Jack Waterford (Canberra Times)

IF PROGRESS, albeit slow progress, is being made in Aboriginal health, as the federal Health Minister, Tony Abbott claims, it owes more to panic decisions made 35 years ago than to anything that has happened under the Howard or Hawke or Keating governments. That does not, however, stop the politicking.

Abbott cited as a demonstration of the progress a dry demographic report on Northern Territory Aborigines which suggested that their life expectancy had increased by about 10 years over the past 40 years, even if it is still nearly 20 years shorter than the average life expectancy for other Australians.


He rushed out the report so as to reduce the impact of an Oxfam report, prepared for the National Aboriginal Community Health Organisation, pointing to how Australian indigenous health lagged well behind the health of Maoris in New Zealand, Inuit in Canada, and Indians in the United States.


With a contentedness befitting a minister who often gives The Australian a day's start on news and gets uncritical commentary to match he said contentedly on Lateline on Monday that "I think that [The Australian] had every intention of running with the bad news [the Oxfam report] but I think, to their credit, they decided that the newsier news was not that we had more bad news but that for once we had a bit of good news in the area".


Actually the two reports go together to suggest that real improvement in Aboriginal health is far off, and that government has no policies or programs likely to make a significant difference.


So what was the good news? Between 1967 and 1988 average Aboriginal life expectancy in the Northern Territory increased by about six years four for men, nine for women. White life expectancy increased by the same amount, leaving Aborigines much the same behind.


By far the biggest component of this (about four years) was in reducing the number of babies who died in their first year of life. There was a slight increase in the survivorship of children aged one to 14 (adding a year to the average life expectancy) and to elderly Aborigines, adding about half a year, but the life expectancy of most adults did not otherwise much change. By contrast, the increases in life expectancy during this period were fairly uniform over the overall population.


Over the next 20 years, 1988-2007, some further progress was made, if without the spectacular improvements in the prospects of a baby. Child mortality has continued to fall (worth about a year to the average life expectancy), there has been almost no improvement in life expectancy between the ages of 15 and 44, but those who reached that age had steady improvements (amounting to an expectancy of three years or more). Life expectancy increased in the general population, so the gap did not diminish.


In the late 1960s, Aboriginal infant mortality (death in the first year of life) was a national disgrace, particularly in the NT, where, in places, it ran up to a quarter of all babies born dying. In the early 1970s, an incoming Whitlam government threw dollars at the problem and told senior health bureaucrats that "heads would roll" if they did not drastically reduce mortality.


They did, but not, initially at least, by much changing Aboriginal infant morbidity. Children were as sick as ever. But measures were taken to grab every desperately sick child, remove it to hospital, by air ambulance as often as not, to pump it full of drugs and food and bring it back from the brink of death. A few weeks later it would be returned to its parents, and, as often as not, soon became sick again, again to be evacuated and "saved". In 1977, the average Aboriginal baby in one Central Australian Aboriginal community I then knew well had spent 16 weeks, in an average four episodes, in hospital in its first year of life.

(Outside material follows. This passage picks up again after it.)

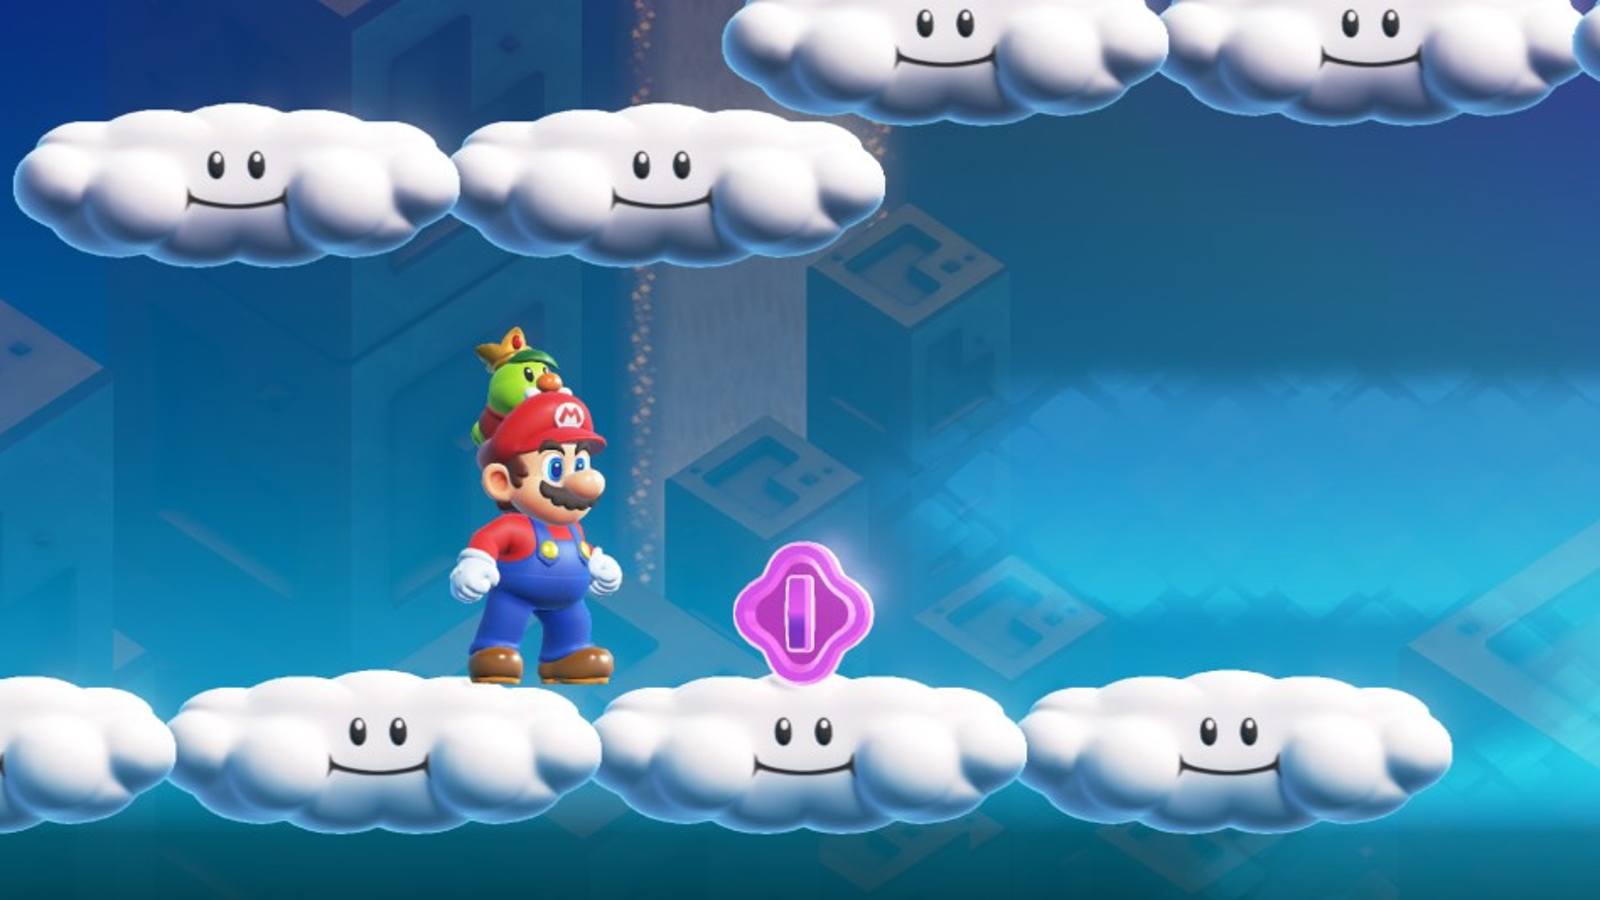 Super Mario Bros. Wonder - Nintendo Direct 6.21.2023 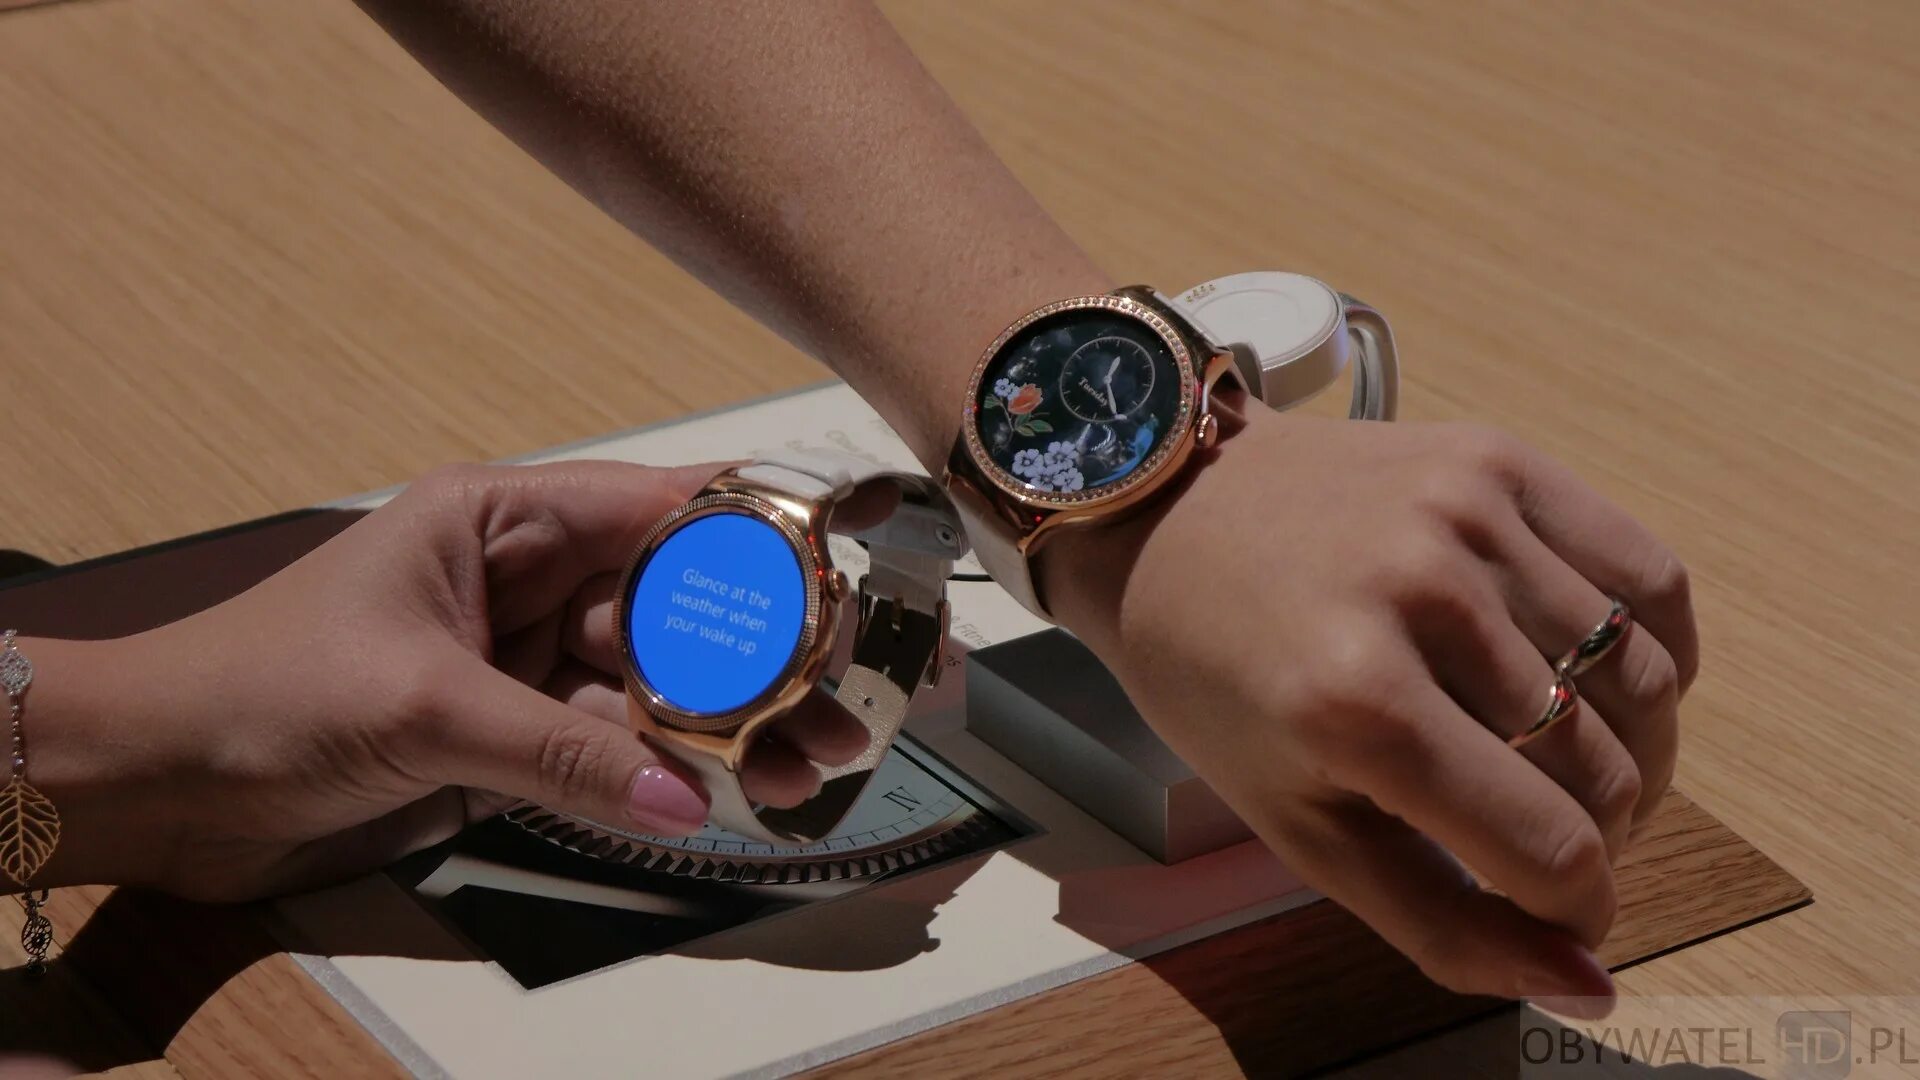 Huawei watch Elegant. Huawei watch Jewel. Смарт часы Хуавей Элегант. Huawei watch Fit белый. Часы huawei elegant

The scourge of infectious disease, particularly among children, and the attack this caused on immune systems, consumed the health care facilities available, but those at the front line knew that better health services could make only a marginal difference, at best stopping the very sick from dying. Real improvement could come only from the physical wherewithal by which people could be healthy: better housing and, particularly, reduced crowding; better water supplies, improved sanitation; electricity so that people could wash themselves, their clothes and their bedding; employment, and the educational facilities that could make people employable.


The increased investment in such things has always fallen woefully short of the bare minimum necessary to make much difference.


Better services matter, too. Aborigines, the most disadvantaged people in Australia, were also visibly the most sick. But they used fewer services than anyone else. This was in part because so many lived in remote areas where there were simply no facilities. But it was also a reflection of the cultural chasm between a public and private health system which worked reasonably well for a wider population (who were only occasionally sick), but was not adapted for a community which was often sick.


That's why there was so much pressure and such a need for community-based services, and for close Aboriginal participation in the organisation and planning of services for Aborigines. Government has made a good deal about how much money is spent in this field.


But even with this "special" money, which has sometimes come with the false suggestion that Aborigines get something other Australians do not get, public spending on Aboriginal health is still significantly lower, per capita, than on non-Aborigines. Even non-Aborigines in remote rural Australia. A typical non-Aboriginal family at, say, remote Roxby Downs in South Australia, costs the state twice as much for health (while being basically well) than a typical (equivalently sized) Aboriginal family at Ernabella in the same state. And that's quite apart from the vast difference in the quality of their living arrangements.


Adulthood is when our young Aboriginal men and women, particularly men, are now dying too early, whether from lifestyle diseases such as diabetes and hypertension, or from fighting, road trauma and drug and substance abuse. Make it to 45 and one's life outlook improves, if still falling well short of national norms.


Spending by the Federal Government on Aboriginal health is 50 times, per capita, public health spending in say China, or Burma, or Chad, even if the outcomes are worse.


There was a time when Canada, the US and New Zealand were studying what we were doing and copying us. Not any more. In those countries the gap, while still there, is closing. In Australia, it is not. Nor is there any sign that it can, or by much, at any rate. Not with present policies.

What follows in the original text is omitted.